• WHAT TO PRODUCE: Among the entries below, retype exactly the lines starting with the one with "Envelopamento Porta De" and going on through the one with "Das grosse Badezimmer", but not the pictures.

• EXERCISE MATERIAL:
╔══

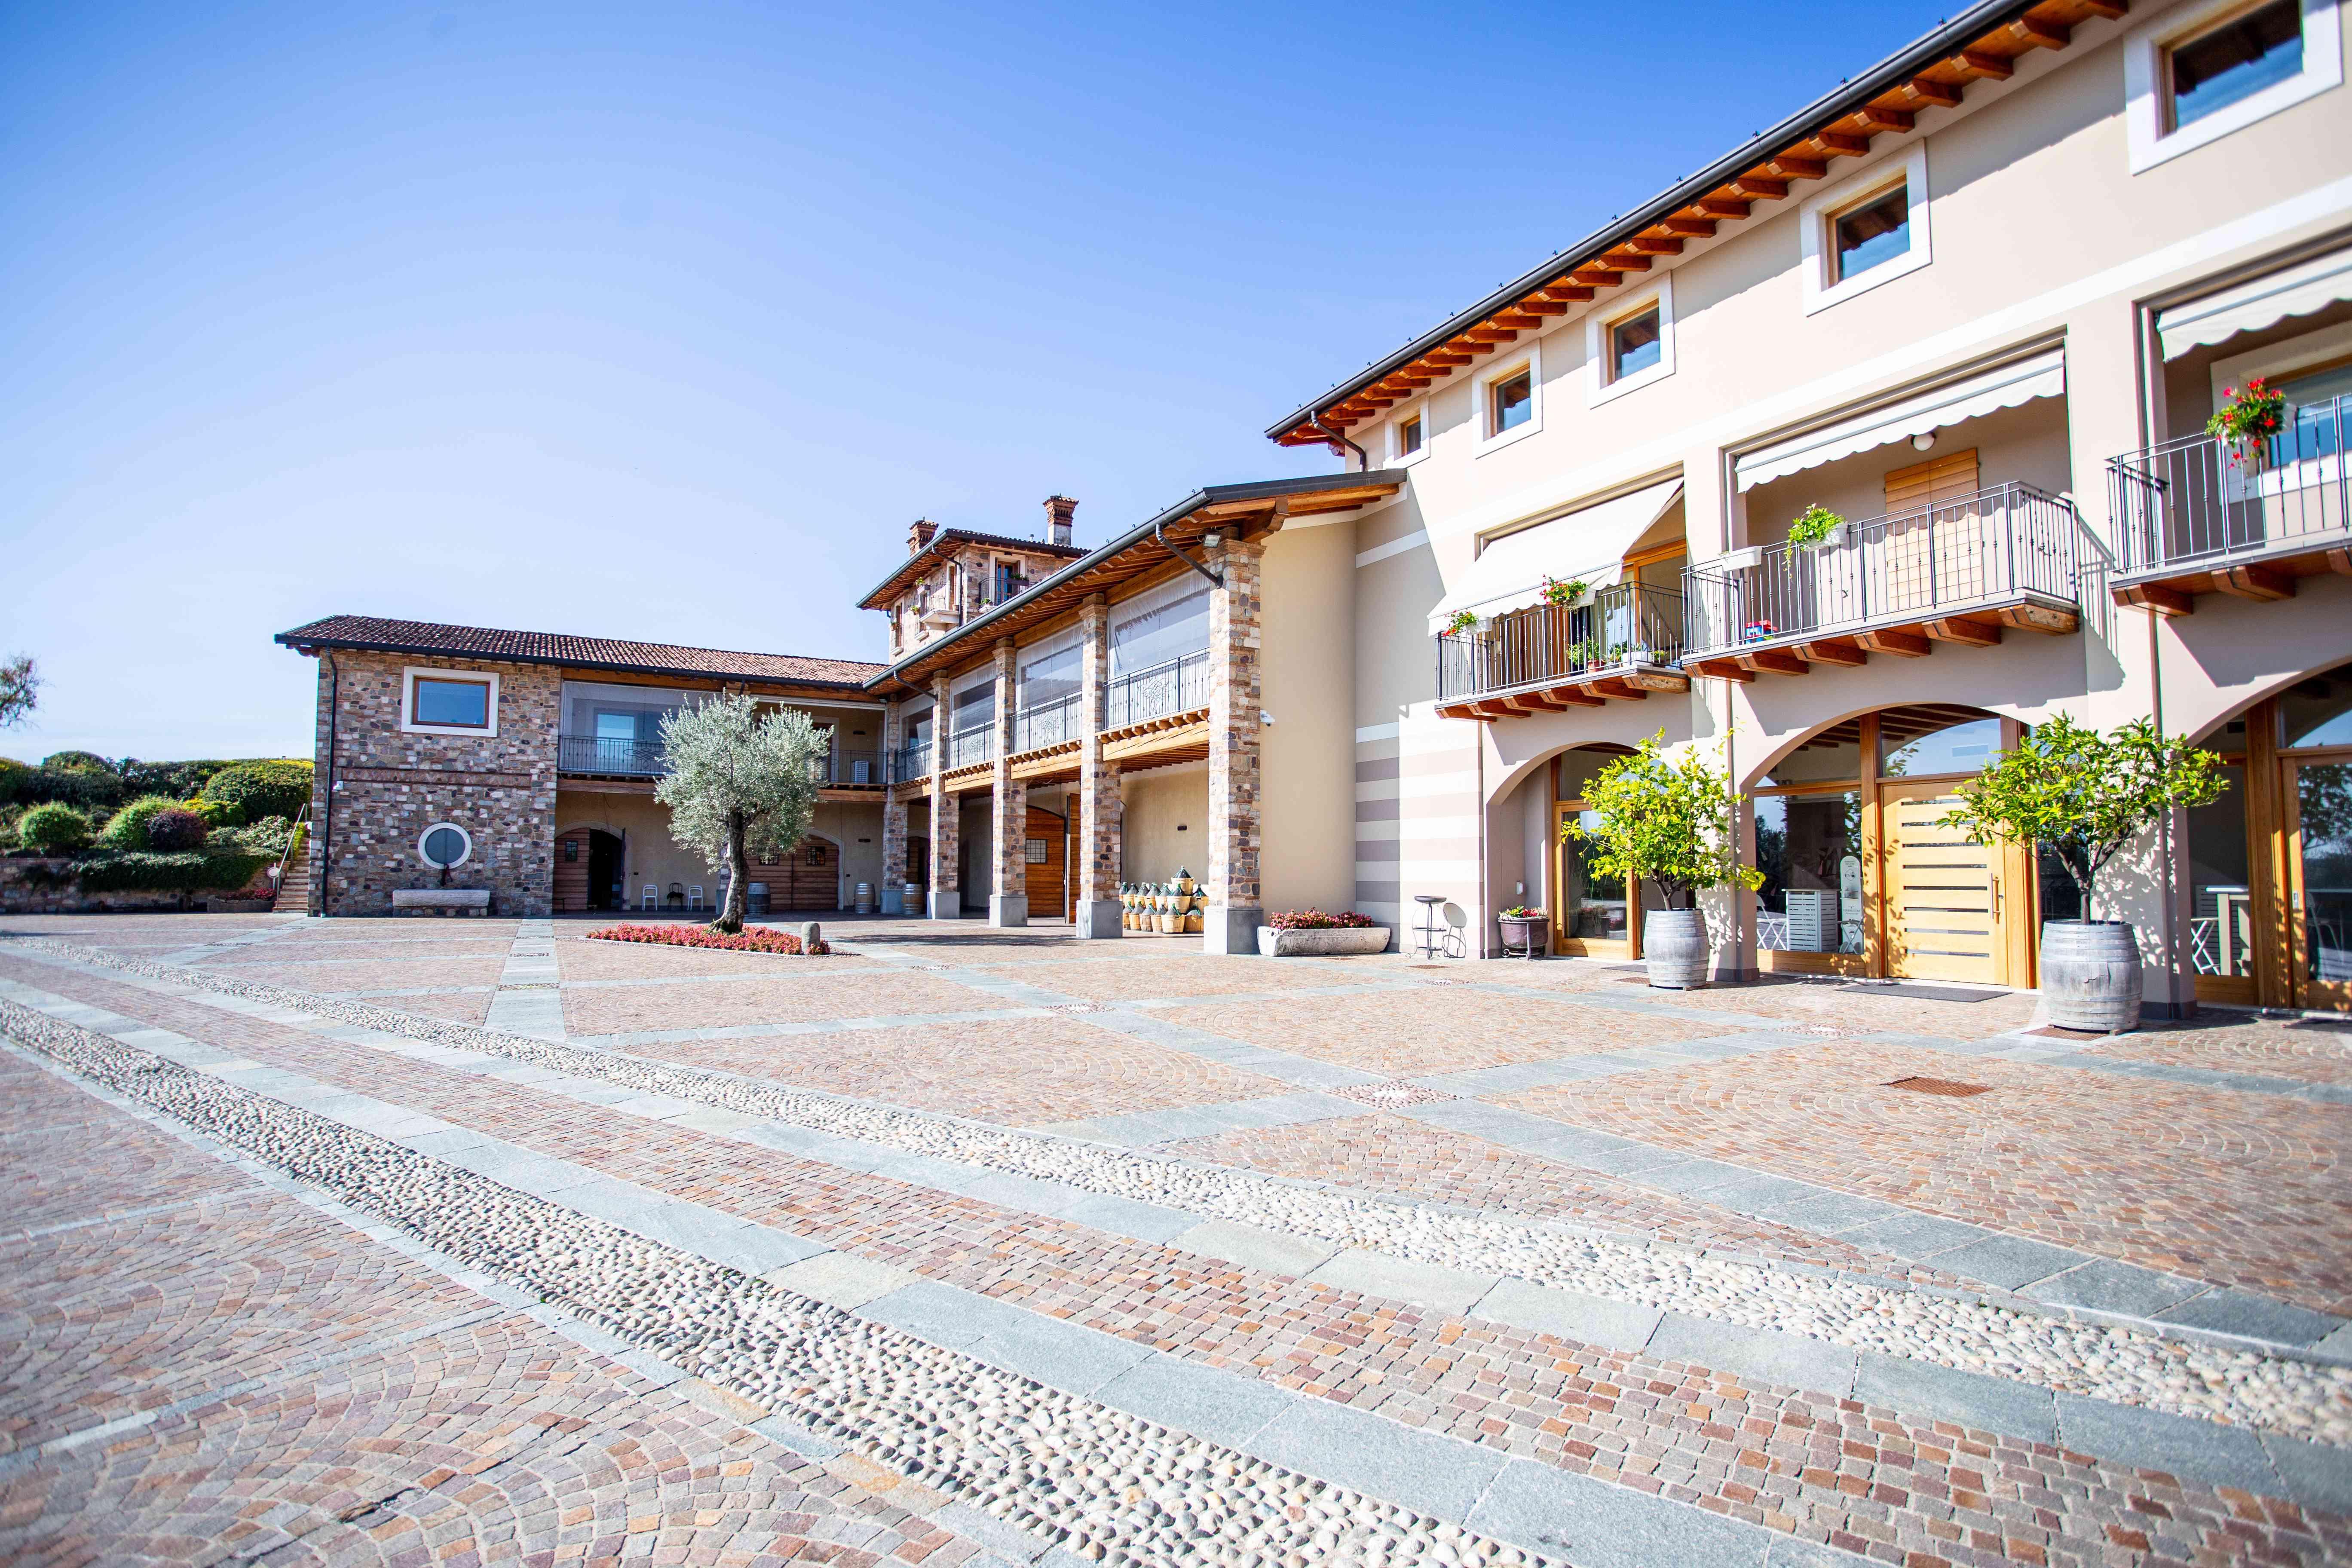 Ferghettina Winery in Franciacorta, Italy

╚══
╔══

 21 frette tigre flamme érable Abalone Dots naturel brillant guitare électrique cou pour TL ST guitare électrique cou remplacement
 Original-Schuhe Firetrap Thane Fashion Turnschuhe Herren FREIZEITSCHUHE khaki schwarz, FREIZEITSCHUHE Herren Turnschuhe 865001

╚══
╔══

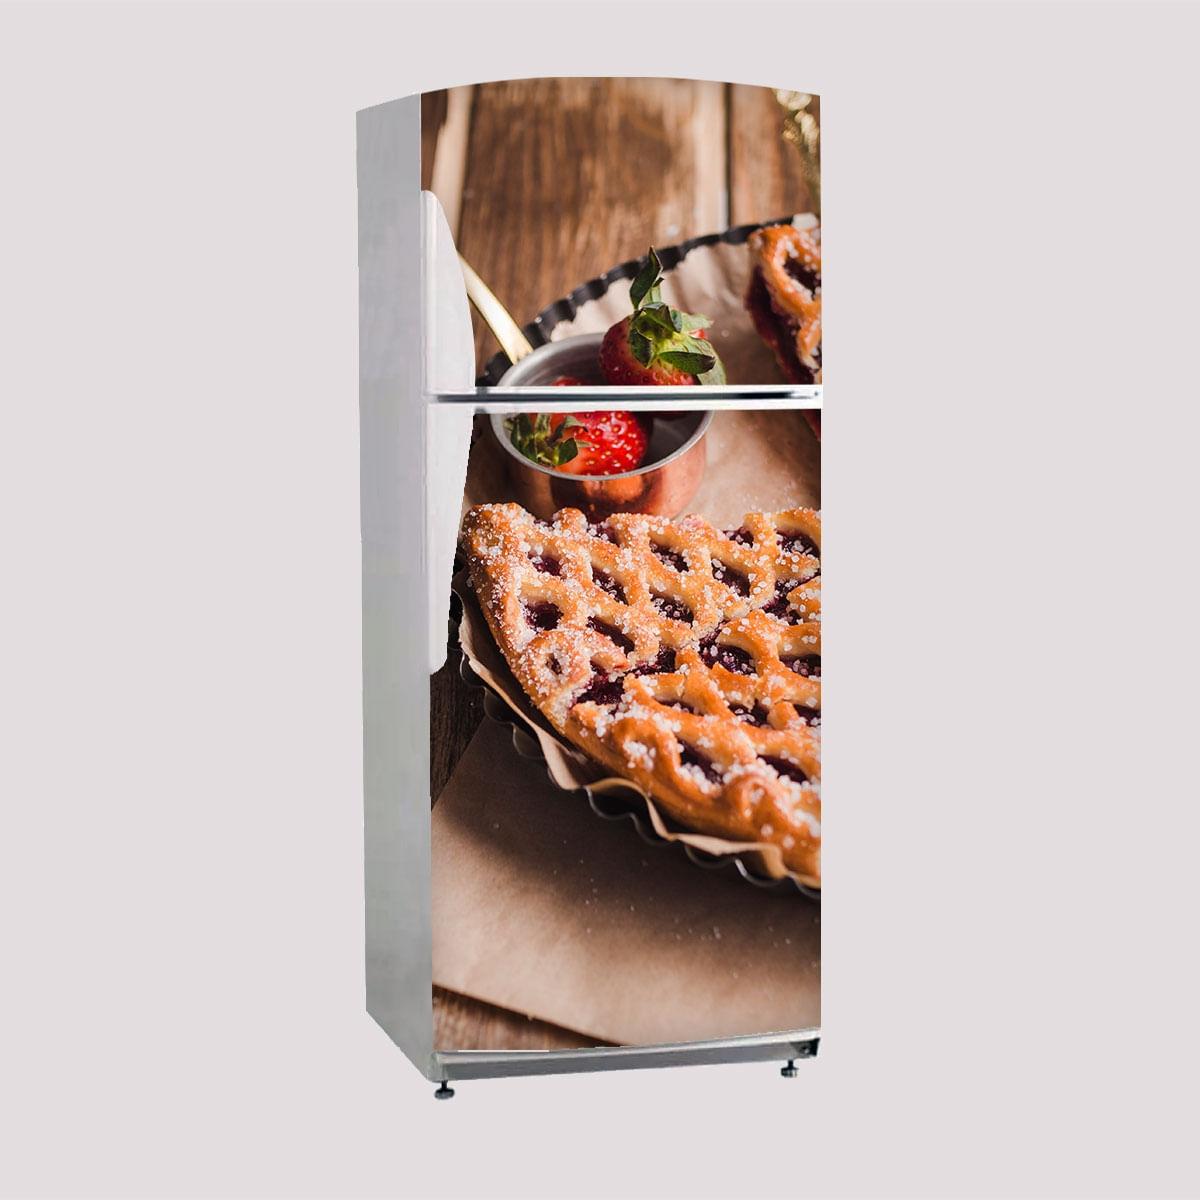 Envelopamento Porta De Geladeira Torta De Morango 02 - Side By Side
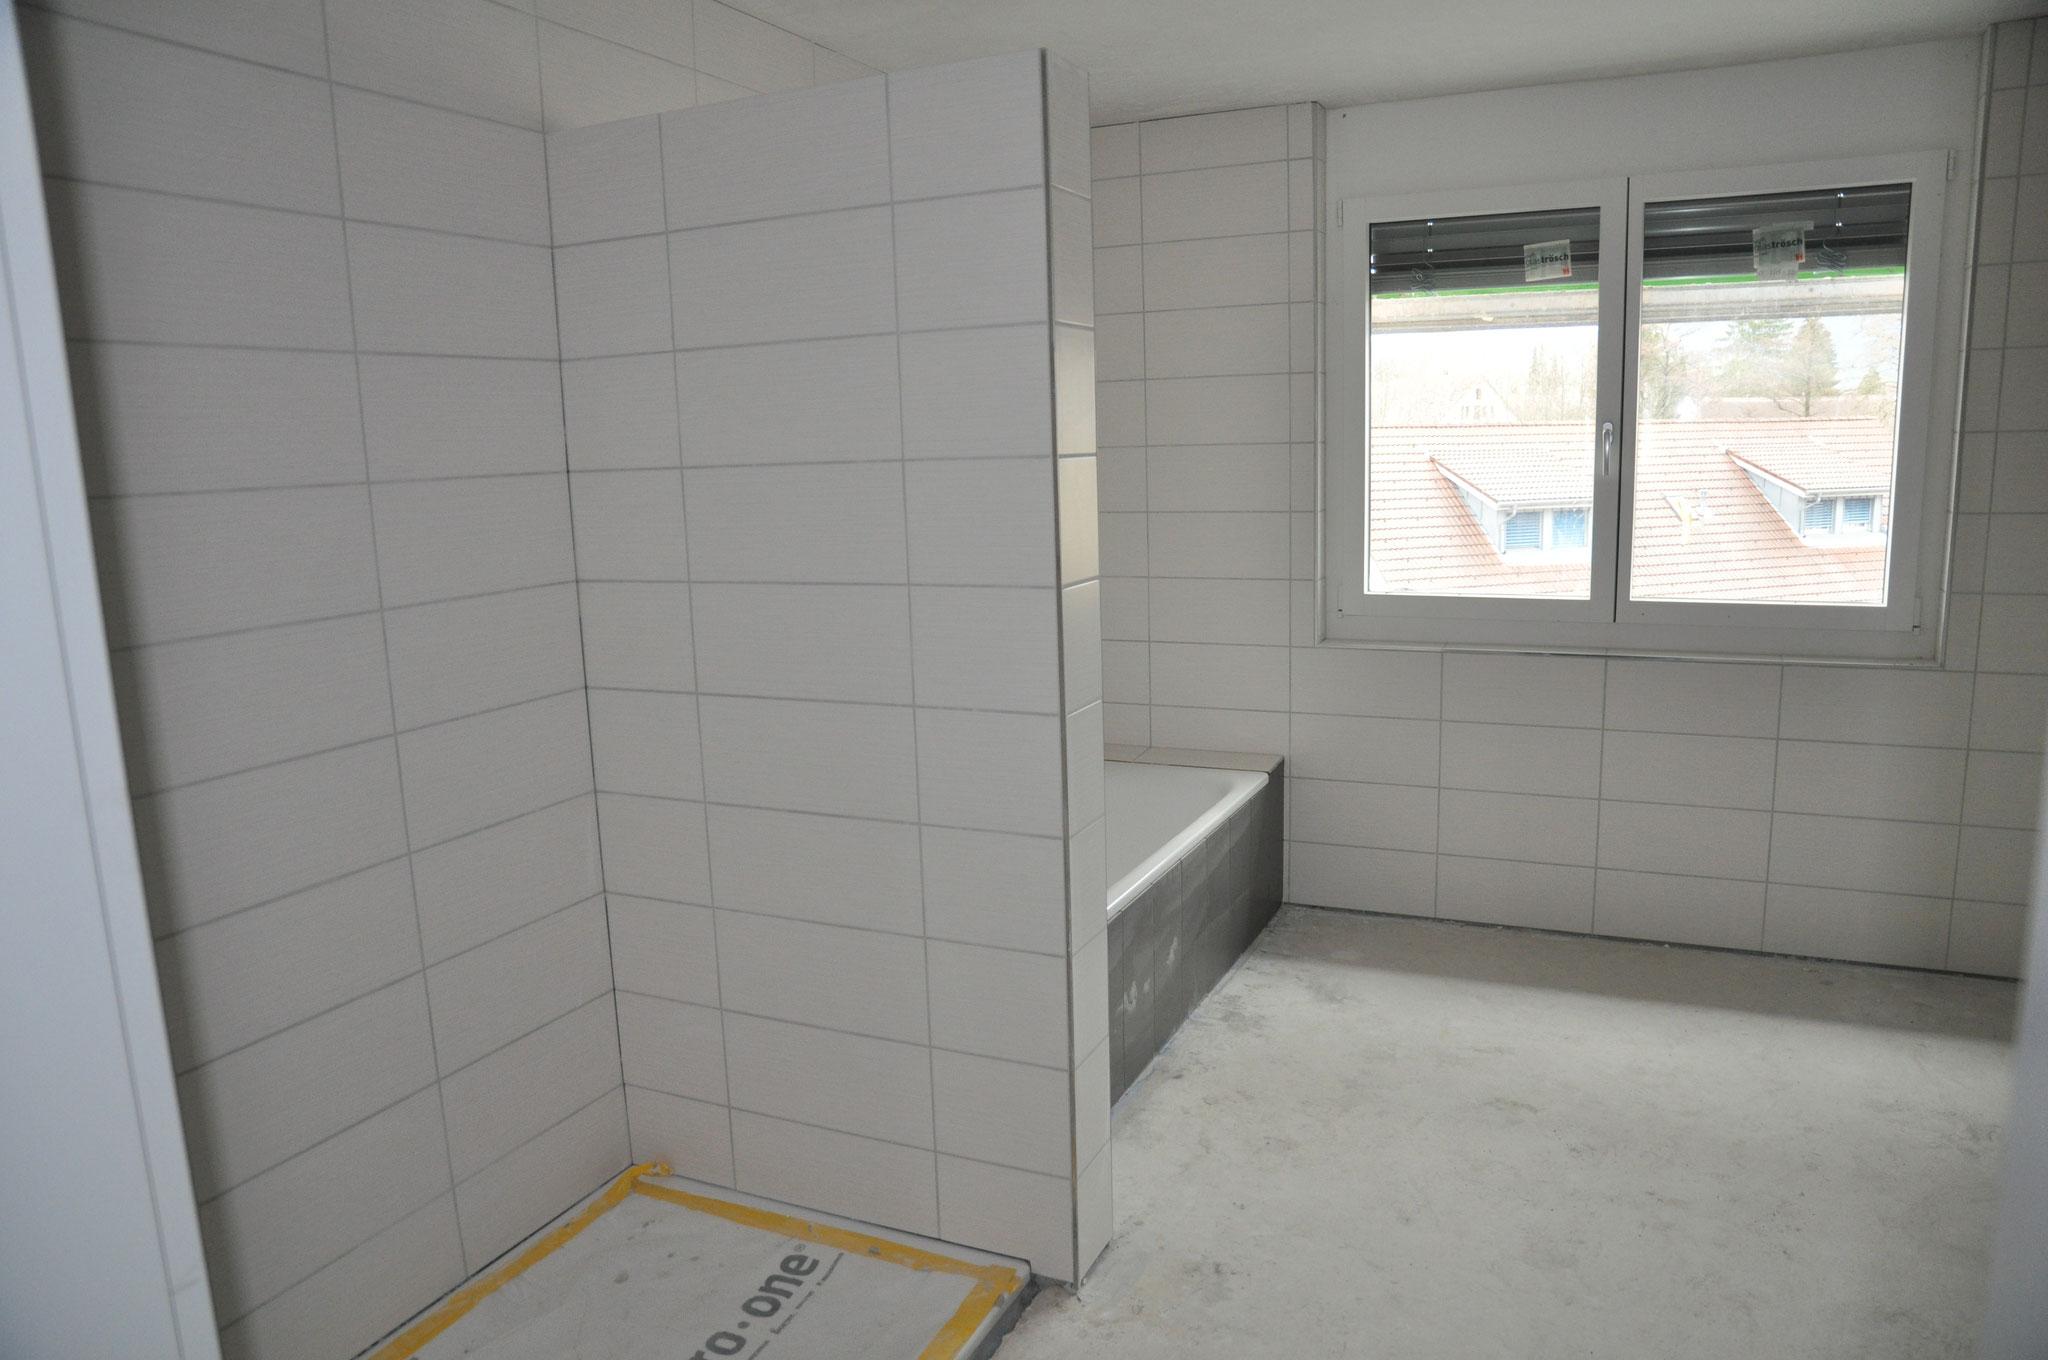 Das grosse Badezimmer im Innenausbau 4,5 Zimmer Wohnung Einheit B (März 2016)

╚══

• OUTPUT BELOW:
 Envelopamento Porta De Geladeira Torta De Morango 02 - Side By Side
 Das grosse Badezimmer im Innenausbau 4,5 Zimmer Wohnung Einheit B (März 2016)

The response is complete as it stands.